▸ Dataset content:
BEGIN

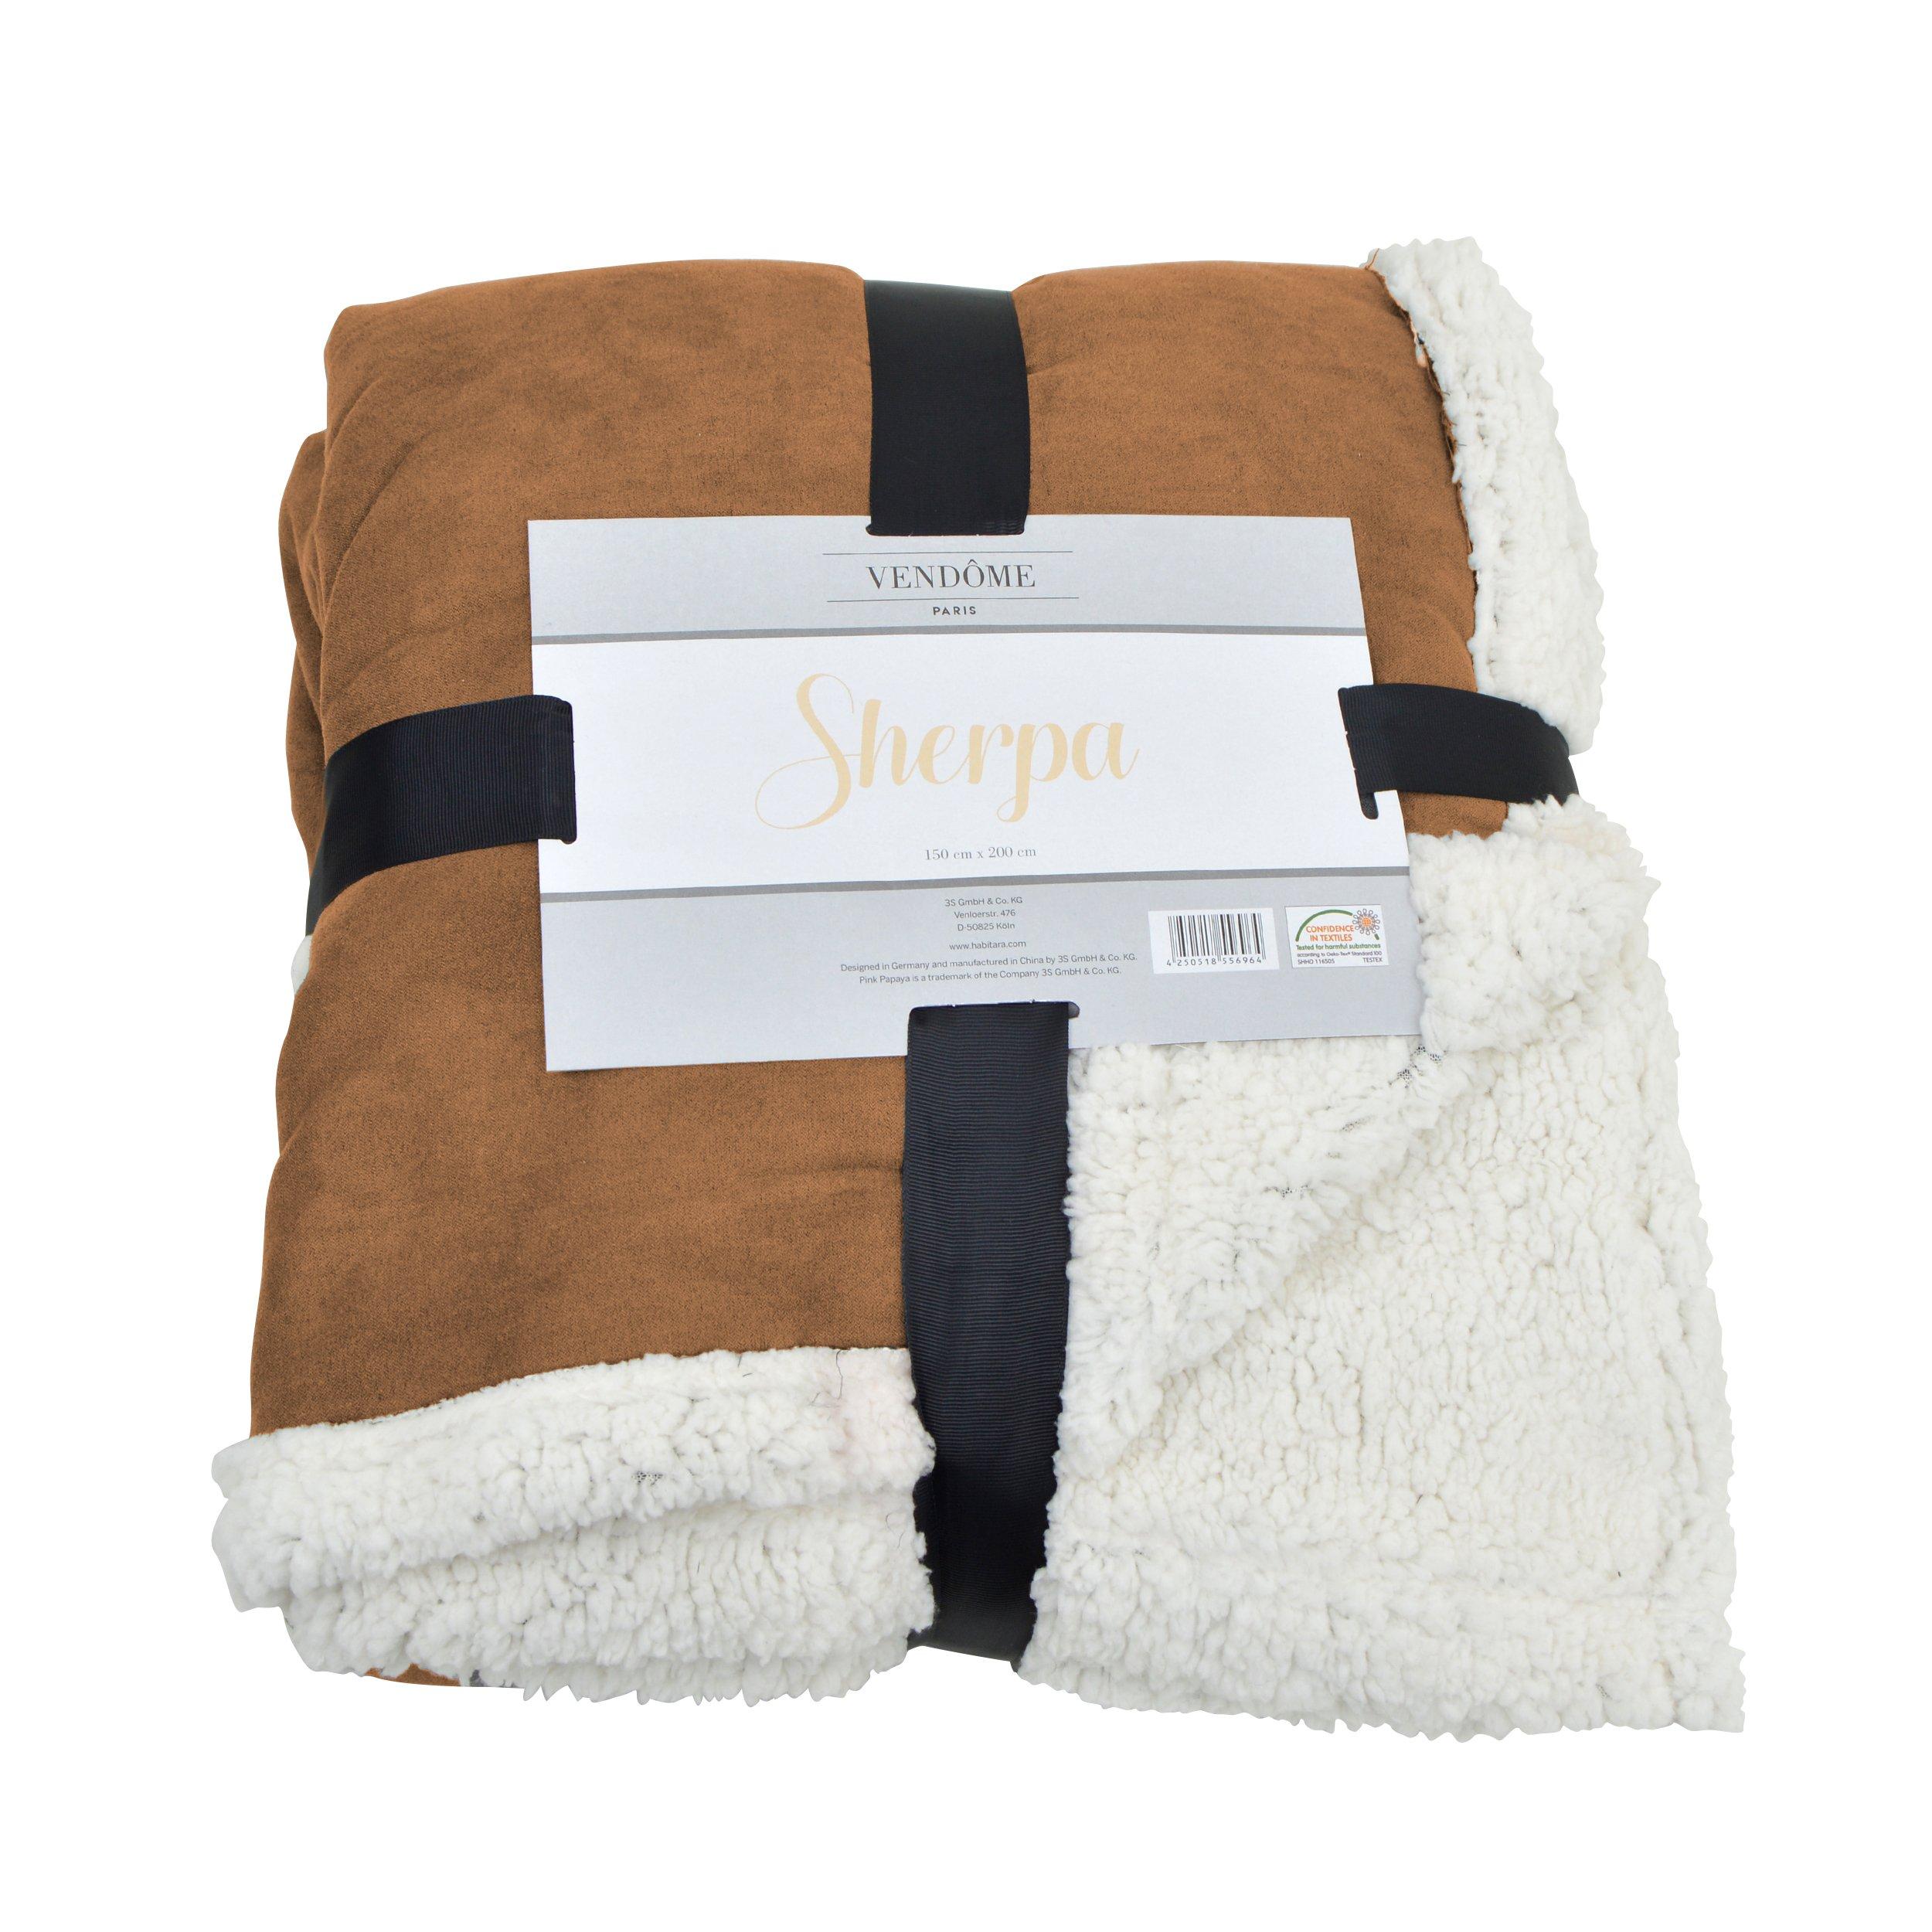 Vendôme Sherpa, manta de alta calidad XXL de felpa súper blanda, 200 x 150cm
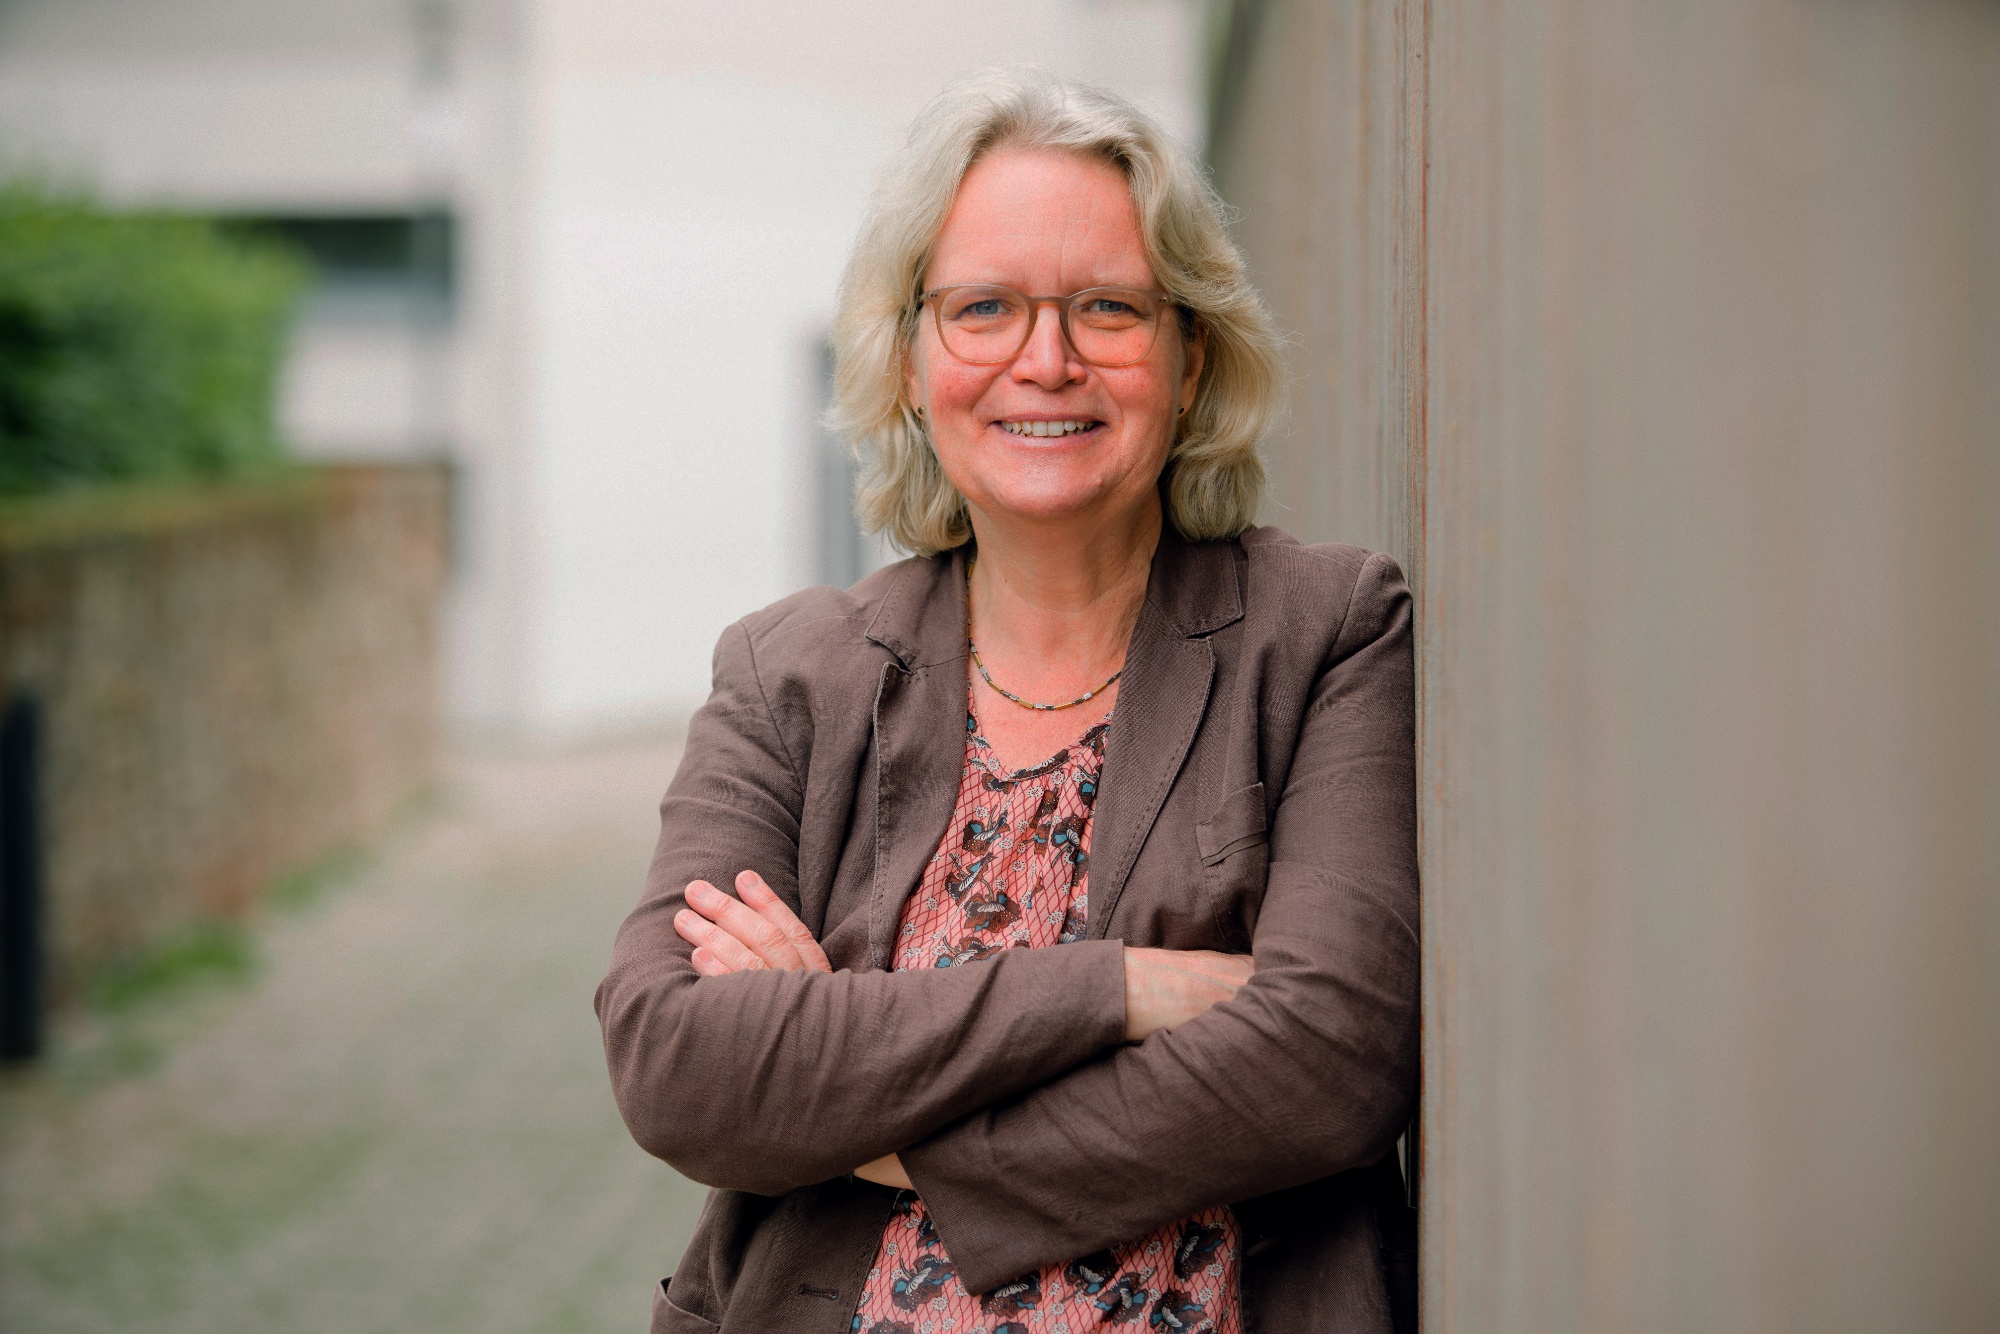 Portrait Bürgermeisterkandidatin Katharina Kleine Vennekate
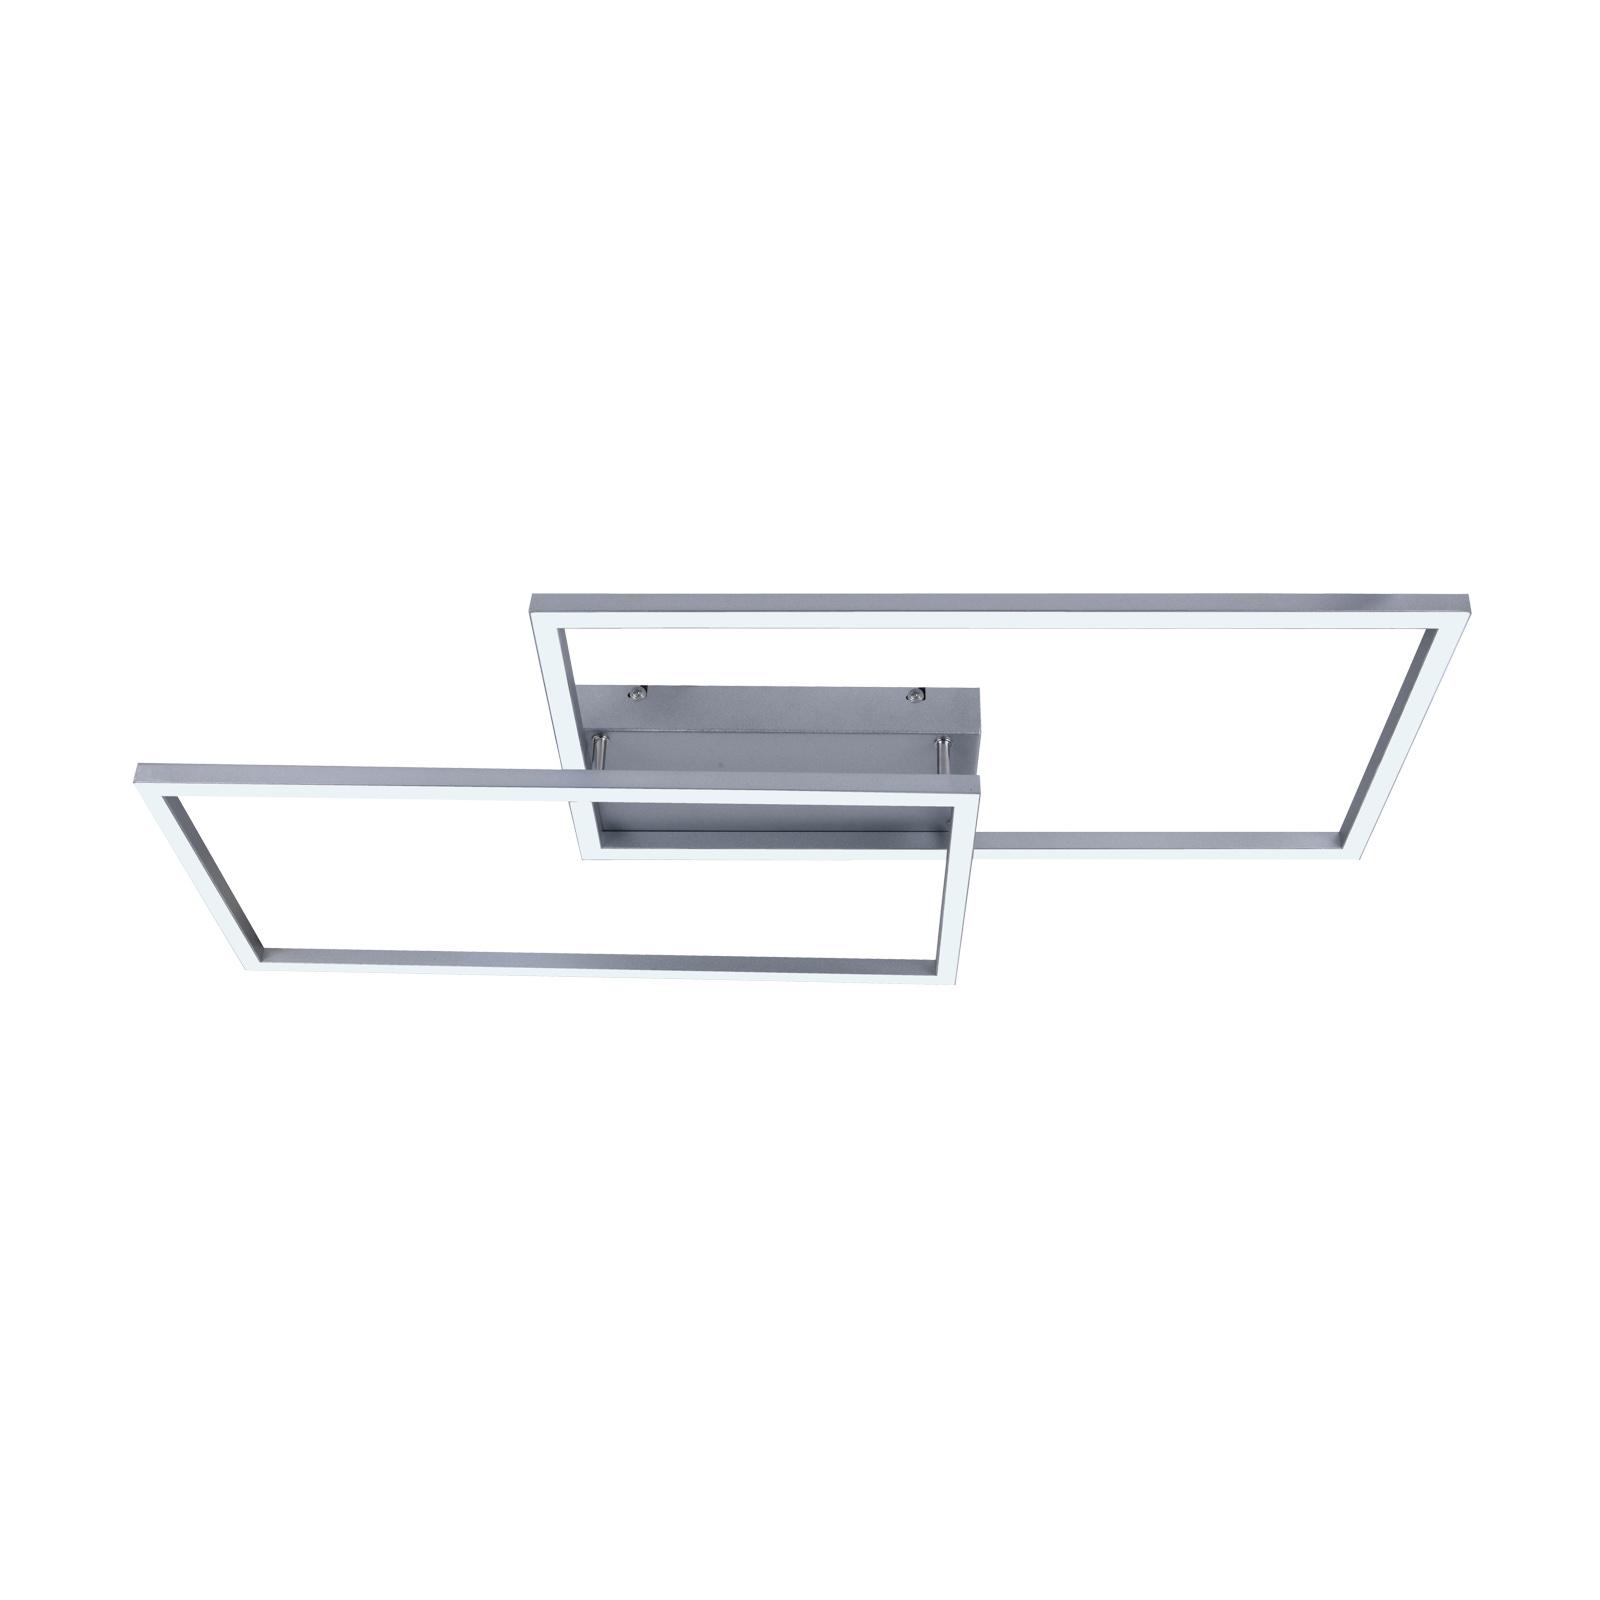 Lucande Muir -LED-kattovalaisin, suorakaide, CCT

END

▸ The task: The expected output is an exact retyping of the lines from the line with "Portrait Bürgermeisterkandidatin Katharina" through the last line of the data, with both ends kept and the pictures dropped.

▸ Result of the exercise:
 Portrait Bürgermeisterkandidatin Katharina Kleine Vennekate
 Lucande Muir -LED-kattovalaisin, suorakaide, CCT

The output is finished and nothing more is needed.